The famous quote by Carl Jung, which I have quoted in both of my books and find myself saying all the time comes to mind here, “What you resist, persists.”  It seems that I, and so many people I know, work with, and talk to, are constantly “resisting” (more like fighting against) the way things are in our lives.  Whether it’s with our body, our work, our spouse, our family members, our friends, our co-workers, our money, the state of the world and economy (especially these days), or many other things – we’re often arguing with reality instead of accepting it the way that it is.

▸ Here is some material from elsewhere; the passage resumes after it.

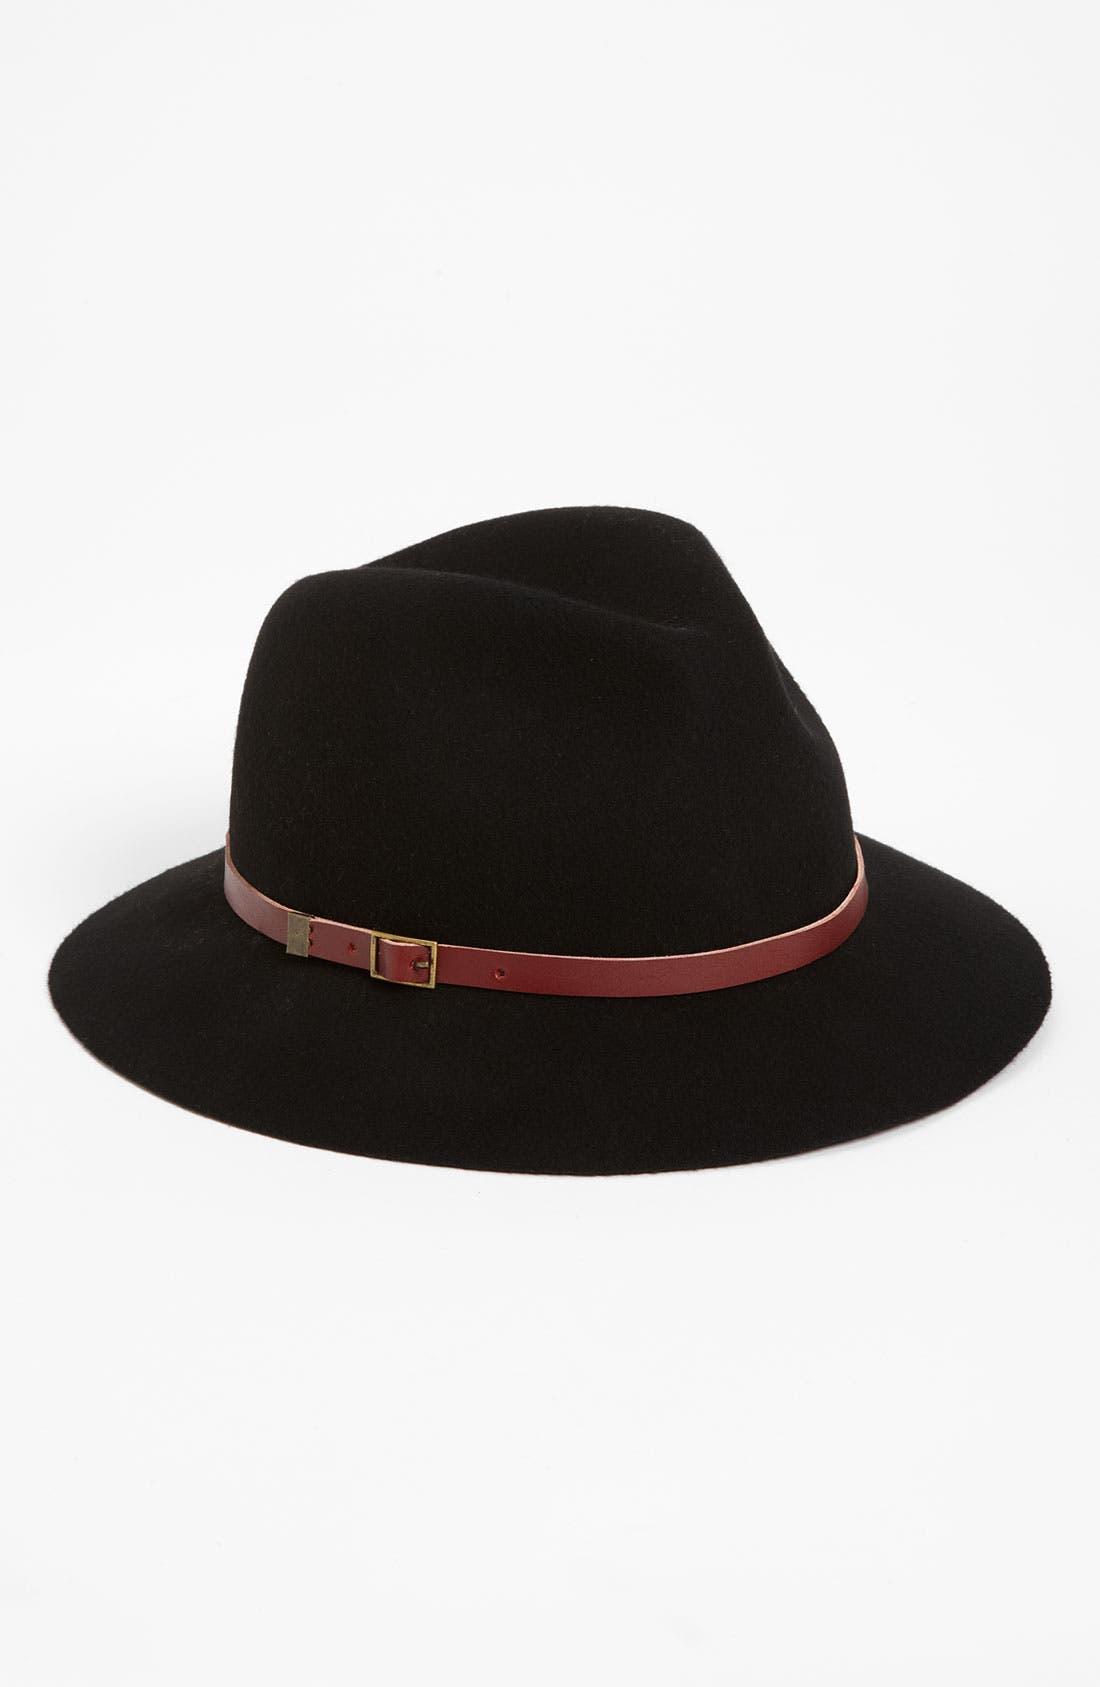 Main Image - Genie by Eugenia Kim 'Jordan' Wool Hat

Even though it can be scary and counter intuitive, acceptance is the first step in transformation.  It’s very difficult and quite stressful (as I know from a lifetime of experience) to try to change things from a place of non-acceptance.  Acceptance is not resignation or agreement; it is simply telling the truth and allowing things to be as they are.  When we accept ourselves, others, and life the way it is – we can create a real sense of peace and let go of much of our suffering.  And, from this place of peace and truth, we’re more able to not only appreciate life, but also to manifest the kind of circumstances, relationships, and outcomes we truly want.

Action:  What You Can Do

Make a list (in your mind, in your journal, or on a piece of paper) of some of the things in your life right now that are causing you the most stress, pain, or anxiety.  These things may have to do with people in your life, your work, money, health, things happening in the world, or anything else.

As you think about or write these things down, ask yourself if you’re willing to “accept” them as they are right now.  You don’t have to like, agree with, or want them to be this way…but, if you can start to accept these things, people, and situations in a genuine way – your ability to be at peace with them (and your life) and ultimately to change them in a positive way will be enhanced significantly.

What can you do to accept things as they are in your life right now?